Tell them what you just wrote, you do more than the minimum which is what code is.


----------



## Rio (Oct 13, 2009)

Thinking of your situation reminded me of how one of the best salespersons of all time, Zig Ziglar R.I.P., used to handle the situation


----------



## A&E Exteriors (Aug 14, 2009)

Rio said:


> Thinking of your situation reminded me of how one of the best salespersons of all time, Zig Ziglar R.I.P., used to handle the situation
> 
> https://youtu.be/cYYrrQdR5hc


That was powerful


----------



## JBM (Mar 31, 2011)

I dont know what trade your in ,but if its a visible trade that requires a degree of talent, I personally just make sure my product is hard to replicate, esp. on the cheap, it would be impossible. 

Increase your marketing too.


----------



## casey344 (Dec 15, 2005)

After redesigning the dock so it includes all the features he asked for I've come back with a 63k price tag compared to my competitors 55k bid. My design has several material and structural improvements. 

He was about to drop 55k on a dock that wouldn't serve his needs because my competitor didn't talk thru how he wanted to use the dock.

He told me if I agreed to do the work he'd sign the contract for 60k and I could build it anytime as long as it was done by next spring. 

He sent me this email 3/4 hours later:

"I need your help on this project to $60,000 to make this happen. I can sell more docks for you in the future and promise to give you great word of mouth just as Jay did for you. He is the reason I called you and I promise to do the same for you.That's worth more than $3000. I would love to do business with you Casey but please understand. Everybody, including me have their limits and I will have to go with <competitor> if your budget can't flex as mine has already gone up $15,000 more to have you do my dock. As Trump would say "Not Good"! Let me know please. I do not like wasting people's time.
Thanks,
Jim Customer"


Sent from my iPhone using Tapatalk


----------



## casey344 (Dec 15, 2005)

JBM said:


> I dont know what trade your in ,but if its a visible trade that requires a degree of talent, I personally just make sure my product is hard to replicate, esp. on the cheap, it would be impossible.
> 
> Increase your marketing too.



We build docks, I'm a marine contractor.


Sent from my iPhone using Tapatalk


----------



## griz (Nov 26, 2009)

guess it depends how bad you need/want the job....

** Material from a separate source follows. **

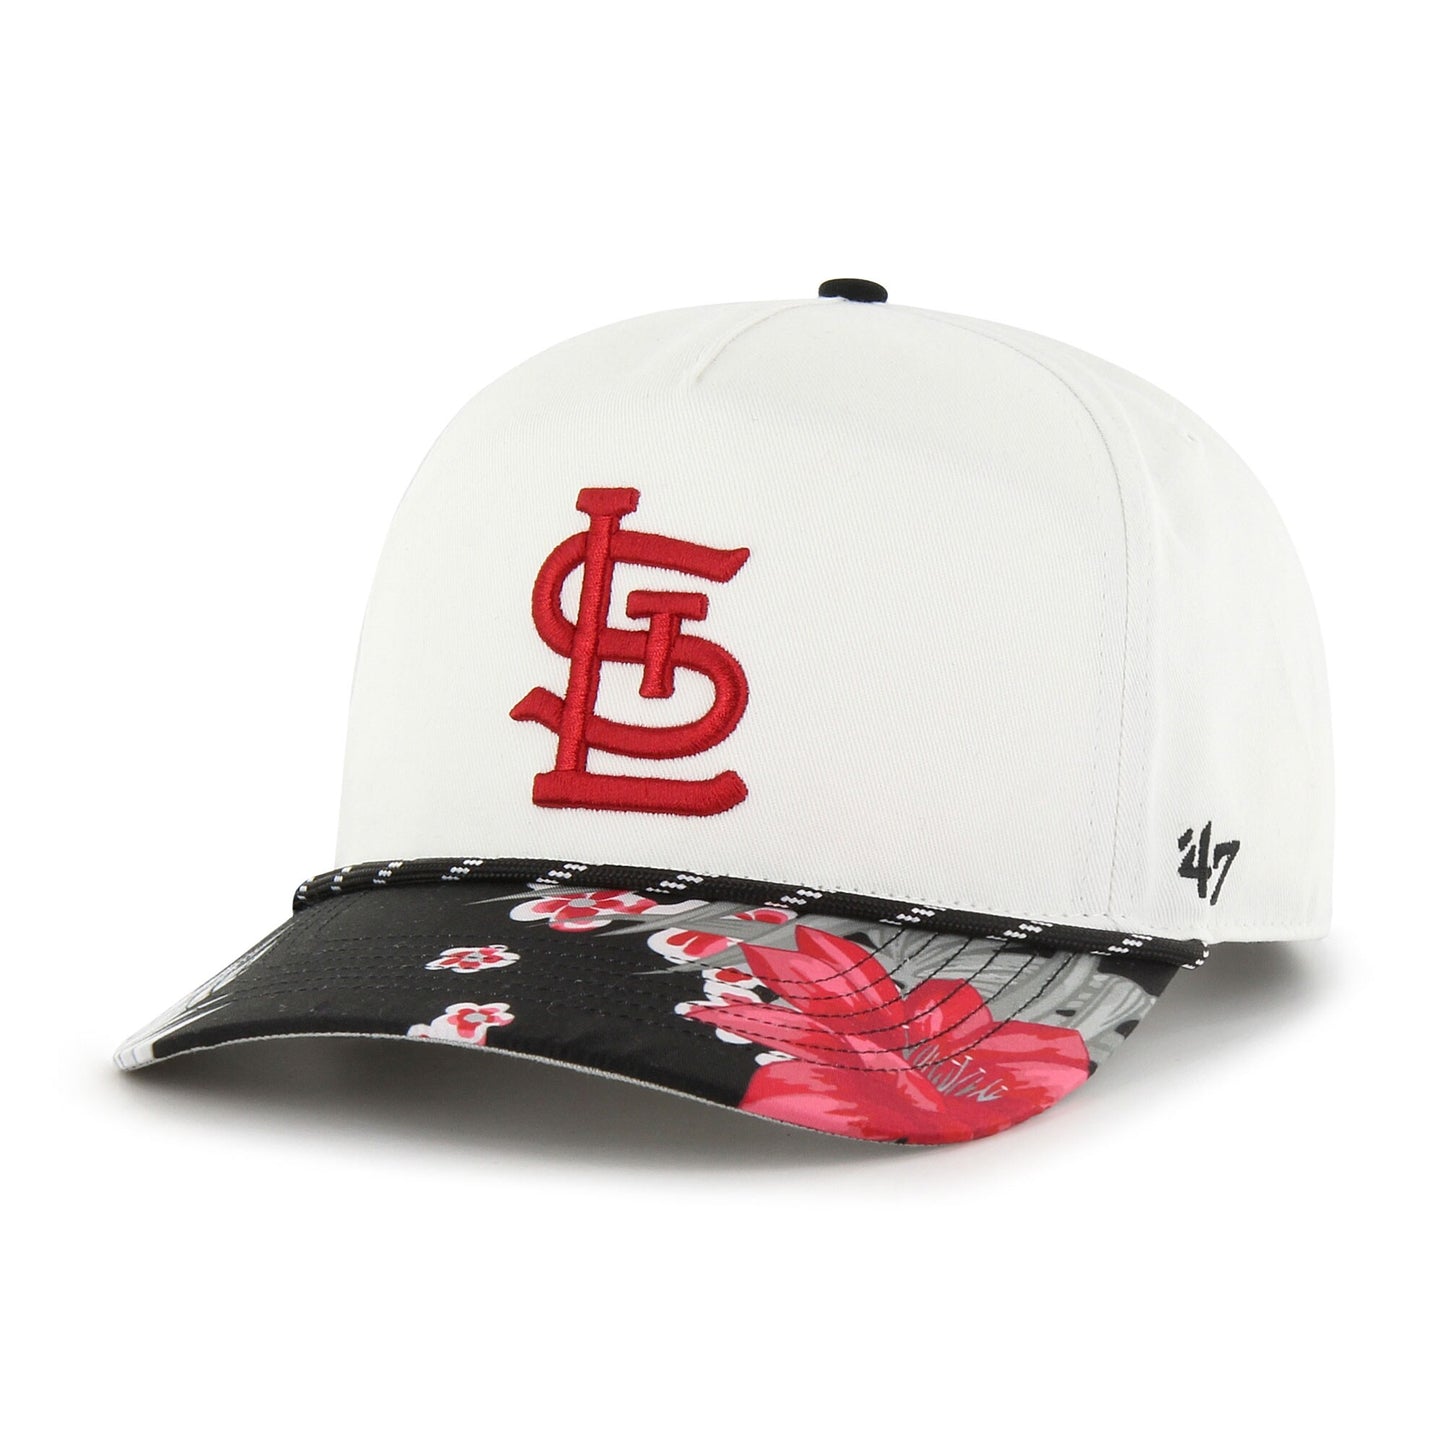 St. Louis Cardinals '47 Dark Tropic Hitch Snapback Hat - White

stretching it out until next spring.....BS

only way to make money is get in and get out.

do it right once, efficiently & with quality....

or move on.....


----------



## KAP (Feb 19, 2011)

Just keep in mind referrals will be looking for their discount as well...

If the competitor was at $55K and you were at $63K, where is he getting that he is coming up 15K to use you?

He is confusing your pricing as a flexible budget... 

If you drop pricing AGAIN without him giving something up, he has no idea on how deep the discount well is... depends on how bad you need the job and whether or not you have Capital Reserves or Emergency fund to absorb the loss, but he is signalling to you he wants you otherwise he wouldn't pay more (I tend to be a little verbose, so put the following in your own words and shorten it to your liking while maintaining the context)...
*
"Mr. Customer, thanks for the email ... while I was gad to hear from you, to be honest, I was expecting a different email telling me that we were a go after the additional work I put into your revised quote at no charge... keeping in mind you had budgetary needs, I had hoped that by taking the additional time and reworking your quote to find ways to save you money through redesign while at the same time ensure it had all your requested features and that the dock met your needs after our last walk-through, that you would have been ecstatic that I was able to save you another $2K without sacrificing any of those crucial elements... add to it, the revised design includes several superior material & structural improvements. 

Jim (or whatever his name is), I buy things all the time and I completely understand where you're coming from money-wise, and I really wish it was as simple as saying "sure, no problem, I can give you another $3K" but the reality is that without looking at scaling back the project in design and/or materials to get you to where you'd ideally like to be, the only place where ANOTHER $3K could possibly come from is out of my families pocket. I can offer you I really hope I've conveyed to you how much I want to work with you on your project. I also hope you feel that I spent the time with you and that I really heard you in discussing your project and that my dedication to meeting your needs through the flexibility, quality and depth of my designs, as well as the fact that I've professionally represented myself and my company, would be reflected in any referrals you may send my way, should we ultimately end up not working together on this project because of your budgetary constraints. 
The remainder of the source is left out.